Cancer is another important arena where HTS has been applied to great effect. The Cancer Genome Atlas (TCGA) and International Cancer Genome Consortium (ICGC) have performed genome and exome sequencing on thousands of tumor-normal pairs. These studies have described the mutational landscapes for over 20 cancer types, demonstrating that tumors can vary dramatically in both the type and quantity of mutations (Chang et al., 2013; Lawrence et al., 2014). These global descriptions have been integral to the development of background mutation rates that are necessary for the detection of cancer driver genes. For example, replication timing and gene expression were both found to be important covariates when determining if a gene is mutated at a rate higher than expected (Chang et al., 2013). Using these background models, TCGA-led projects discovered several novel cancer drivers, known drivers in new cancer types and commonly disrupted pathways (Lawrence et al., 2014). Moreover, WGS of cancer samples has also identified high-frequency, non-coding mutations, such as activating mutations in the TERT promoter (Huang et al., 2013), a poorly characterized but highly relevant class of somatic variants.

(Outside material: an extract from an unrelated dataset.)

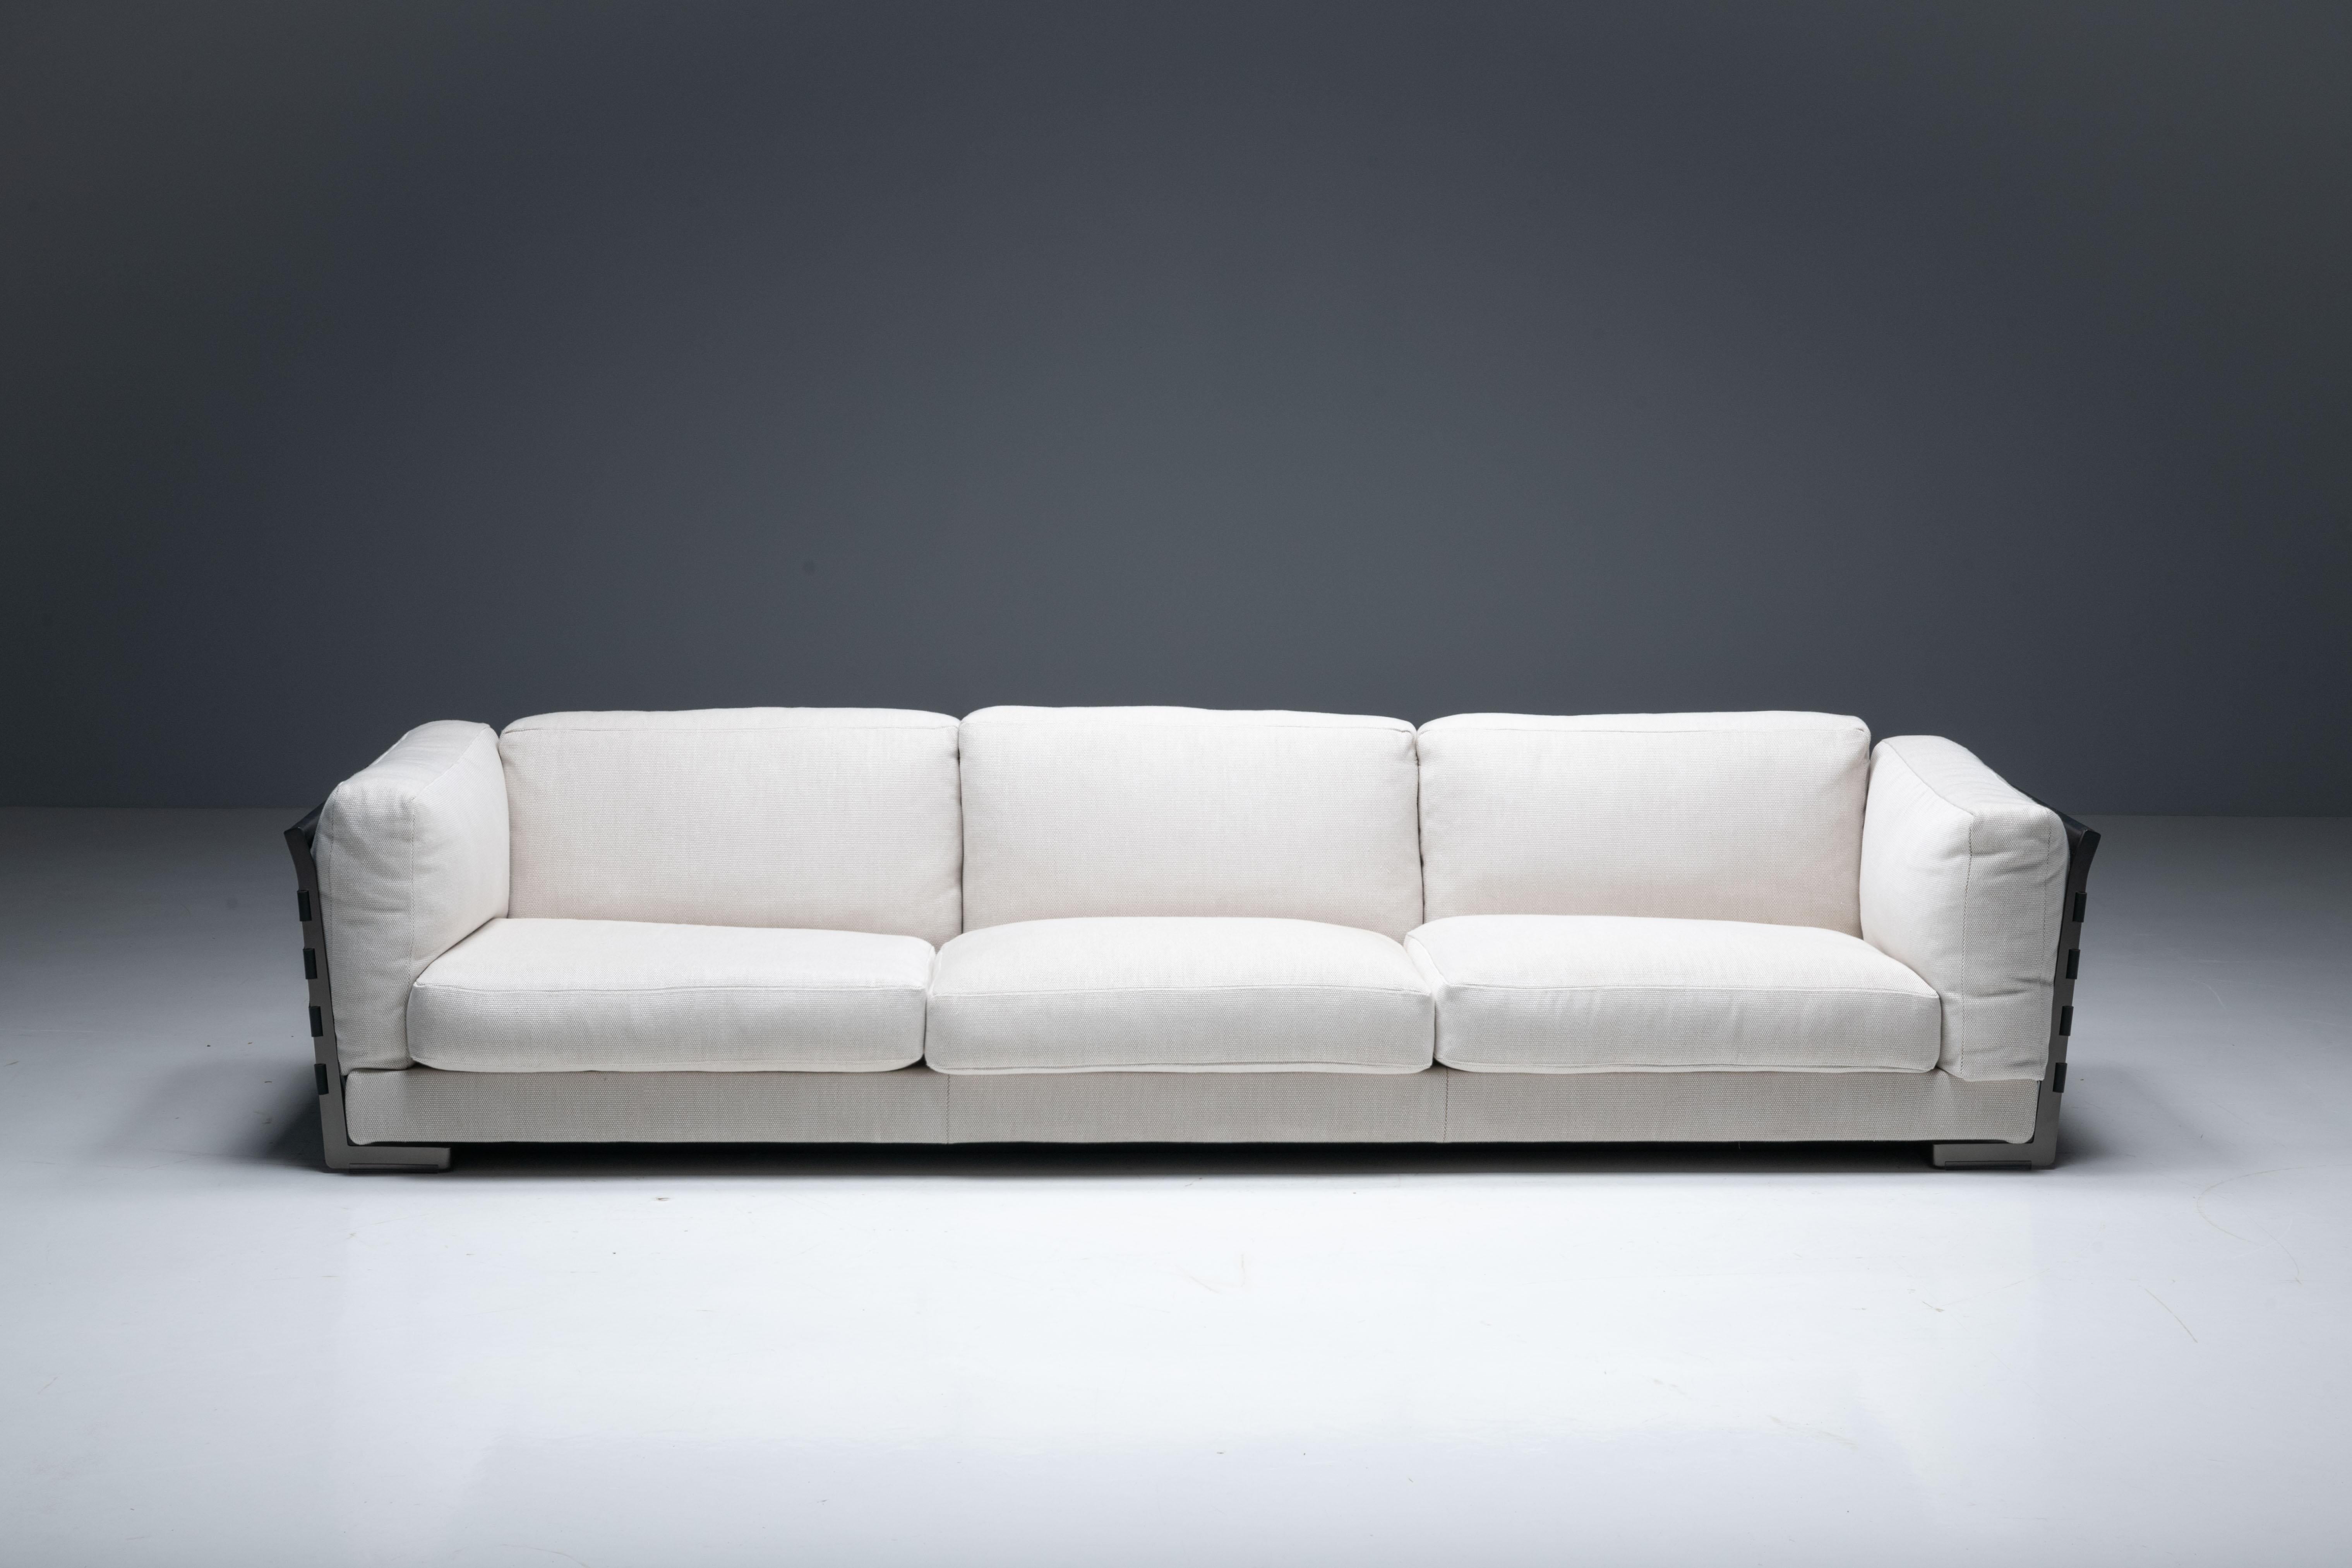 Das dreisitzige Sofa Cestone wurde 2008 von Antonio Citterio für Flexform entworfen und verkörpert authentische italienische Handwerkskunst. Dieses Ausstellungsmodell, das so konzipiert ist, dass es die Aufmerksamkeit auf sich zieht und im

The scale and sensitivity of HTS has also enabled global descriptions of tumor heterogeneity, clonal evolution and the mechanisms underlying drug resistance. By tracking copy number aberrations in primary breast cancer cells using single-cell sequencing techniques, Navin and colleagues demonstrated that copy number rearrangements can occur in bursts, followed by persistent clonal expansion (Navin et al., 2011). Point mutations, in contrast, appear to accumulate more slowly over time, giving rise to more extensive clonal diversity, which may enable the tumor to adapt to diverse selective pressures (Wang et al., 2014). In addition to examining clonal diversity, HTS has also been used to compare primary tumors with relapse lesions, allowing characterization of the effects of chemotherapy as well as the molecular mechanisms underlying resistance to therapy (Van Allen et al., 2014; Ding et al., 2012). Together, these molecular portraits of cancer are forming the foundation of new paradigms for the diagnosis and treatment of cancer.